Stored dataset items
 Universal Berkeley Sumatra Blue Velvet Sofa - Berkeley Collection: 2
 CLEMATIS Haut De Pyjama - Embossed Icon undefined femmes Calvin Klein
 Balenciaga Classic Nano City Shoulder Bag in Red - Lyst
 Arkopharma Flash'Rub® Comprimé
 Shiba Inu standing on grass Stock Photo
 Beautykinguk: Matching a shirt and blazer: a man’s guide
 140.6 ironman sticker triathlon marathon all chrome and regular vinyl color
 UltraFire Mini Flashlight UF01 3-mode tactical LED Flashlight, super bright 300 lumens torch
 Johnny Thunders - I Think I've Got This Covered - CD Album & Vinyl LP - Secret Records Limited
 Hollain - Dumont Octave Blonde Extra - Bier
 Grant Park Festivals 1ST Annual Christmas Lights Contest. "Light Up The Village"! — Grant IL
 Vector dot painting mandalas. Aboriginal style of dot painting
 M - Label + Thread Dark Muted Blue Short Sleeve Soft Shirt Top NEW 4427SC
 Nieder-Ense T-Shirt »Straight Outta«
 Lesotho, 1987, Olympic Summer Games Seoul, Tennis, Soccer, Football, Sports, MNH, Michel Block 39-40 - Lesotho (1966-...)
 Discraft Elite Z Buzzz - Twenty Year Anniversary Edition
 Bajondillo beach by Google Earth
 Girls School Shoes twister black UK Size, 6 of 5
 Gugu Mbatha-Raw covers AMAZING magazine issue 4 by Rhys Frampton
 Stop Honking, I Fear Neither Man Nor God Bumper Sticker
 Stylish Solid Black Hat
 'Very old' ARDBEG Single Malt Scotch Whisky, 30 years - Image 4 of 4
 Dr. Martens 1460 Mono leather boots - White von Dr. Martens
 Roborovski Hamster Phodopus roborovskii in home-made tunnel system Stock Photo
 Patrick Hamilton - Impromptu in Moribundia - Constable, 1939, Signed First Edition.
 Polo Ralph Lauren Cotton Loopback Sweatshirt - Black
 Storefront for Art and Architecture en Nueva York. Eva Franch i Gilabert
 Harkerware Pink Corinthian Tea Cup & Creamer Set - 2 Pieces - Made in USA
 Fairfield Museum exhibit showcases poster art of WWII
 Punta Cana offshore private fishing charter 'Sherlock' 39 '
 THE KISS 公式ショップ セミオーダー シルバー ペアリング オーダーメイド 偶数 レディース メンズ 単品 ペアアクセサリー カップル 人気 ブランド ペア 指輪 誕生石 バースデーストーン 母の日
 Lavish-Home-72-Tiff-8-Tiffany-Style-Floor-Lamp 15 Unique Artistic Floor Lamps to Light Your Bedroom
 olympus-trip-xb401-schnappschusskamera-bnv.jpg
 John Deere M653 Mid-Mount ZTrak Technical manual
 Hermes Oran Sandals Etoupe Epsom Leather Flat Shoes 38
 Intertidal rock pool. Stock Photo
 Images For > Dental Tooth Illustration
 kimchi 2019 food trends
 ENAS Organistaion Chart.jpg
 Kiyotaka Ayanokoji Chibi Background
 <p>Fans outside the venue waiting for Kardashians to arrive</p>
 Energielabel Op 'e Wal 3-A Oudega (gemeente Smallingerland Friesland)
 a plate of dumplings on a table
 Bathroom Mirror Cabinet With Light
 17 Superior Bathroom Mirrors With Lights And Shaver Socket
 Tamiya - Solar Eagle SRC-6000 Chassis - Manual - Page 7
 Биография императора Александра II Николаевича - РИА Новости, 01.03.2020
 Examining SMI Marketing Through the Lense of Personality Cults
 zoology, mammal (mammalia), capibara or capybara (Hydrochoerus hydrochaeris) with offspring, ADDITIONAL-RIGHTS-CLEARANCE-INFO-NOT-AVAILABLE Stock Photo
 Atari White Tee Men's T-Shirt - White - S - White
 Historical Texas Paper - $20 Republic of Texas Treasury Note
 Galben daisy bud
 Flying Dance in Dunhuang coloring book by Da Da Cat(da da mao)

The task | Reproduce the entries so that each line reads exactly as it did before.

Answer to the exercise |
 Universal Berkeley Sumatra Blue Velvet Sofa - Berkeley Collection: 2
 CLEMATIS Haut De Pyjama - Embossed Icon undefined femmes Calvin Klein
 Balenciaga Classic Nano City Shoulder Bag in Red - Lyst
 Arkopharma Flash'Rub® Comprimé
 Shiba Inu standing on grass Stock Photo
 Beautykinguk: Matching a shirt and blazer: a man’s guide
 140.6 ironman sticker triathlon marathon all chrome and regular vinyl color
 UltraFire Mini Flashlight UF01 3-mode tactical LED Flashlight, super bright 300 lumens torch
 Johnny Thunders - I Think I've Got This Covered - CD Album & Vinyl LP - Secret Records Limited
 Hollain - Dumont Octave Blonde Extra - Bier
 Grant Park Festivals 1ST Annual Christmas Lights Contest. "Light Up The Village"! — Grant IL
 Vector dot painting mandalas. Aboriginal style of dot painting
 M - Label + Thread Dark Muted Blue Short Sleeve Soft Shirt Top NEW 4427SC
 Nieder-Ense T-Shirt »Straight Outta«
 Lesotho, 1987, Olympic Summer Games Seoul, Tennis, Soccer, Football, Sports, MNH, Michel Block 39-40 - Lesotho (1966-...)
 Discraft Elite Z Buzzz - Twenty Year Anniversary Edition
 Bajondillo beach by Google Earth
 Girls School Shoes twister black UK Size, 6 of 5
 Gugu Mbatha-Raw covers AMAZING magazine issue 4 by Rhys Frampton
 Stop Honking, I Fear Neither Man Nor God Bumper Sticker
 Stylish Solid Black Hat
 'Very old' ARDBEG Single Malt Scotch Whisky, 30 years - Image 4 of 4
 Dr. Martens 1460 Mono leather boots - White von Dr. Martens
 Roborovski Hamster Phodopus roborovskii in home-made tunnel system Stock Photo
 Patrick Hamilton - Impromptu in Moribundia - Constable, 1939, Signed First Edition.
 Polo Ralph Lauren Cotton Loopback Sweatshirt - Black
 Storefront for Art and Architecture en Nueva York. Eva Franch i Gilabert
 Harkerware Pink Corinthian Tea Cup & Creamer Set - 2 Pieces - Made in USA
 Fairfield Museum exhibit showcases poster art of WWII
 Punta Cana offshore private fishing charter 'Sherlock' 39 '
 THE KISS 公式ショップ セミオーダー シルバー ペアリング オーダーメイド 偶数 レディース メンズ 単品 ペアアクセサリー カップル 人気 ブランド ペア 指輪 誕生石 バースデーストーン 母の日
 Lavish-Home-72-Tiff-8-Tiffany-Style-Floor-Lamp 15 Unique Artistic Floor Lamps to Light Your Bedroom
 olympus-trip-xb401-schnappschusskamera-bnv.jpg
 John Deere M653 Mid-Mount ZTrak Technical manual
 Hermes Oran Sandals Etoupe Epsom Leather Flat Shoes 38
 Intertidal rock pool. Stock Photo
 Images For > Dental Tooth Illustration
 kimchi 2019 food trends
 ENAS Organistaion Chart.jpg
 Kiyotaka Ayanokoji Chibi Background
 <p>Fans outside the venue waiting for Kardashians to arrive</p>
 Energielabel Op 'e Wal 3-A Oudega (gemeente Smallingerland Friesland)
 a plate of dumplings on a table
 Bathroom Mirror Cabinet With Light
 17 Superior Bathroom Mirrors With Lights And Shaver Socket
 Tamiya - Solar Eagle SRC-6000 Chassis - Manual - Page 7
 Биография императора Александра II Николаевича - РИА Новости, 01.03.2020
 Examining SMI Marketing Through the Lense of Personality Cults
 zoology, mammal (mammalia), capibara or capybara (Hydrochoerus hydrochaeris) with offspring, ADDITIONAL-RIGHTS-CLEARANCE-INFO-NOT-AVAILABLE Stock Photo
 Atari White Tee Men's T-Shirt - White - S - White
 Historical Texas Paper - $20 Republic of Texas Treasury Note
 Galben daisy bud
 Flying Dance in Dunhuang coloring book by Da Da Cat(da da mao)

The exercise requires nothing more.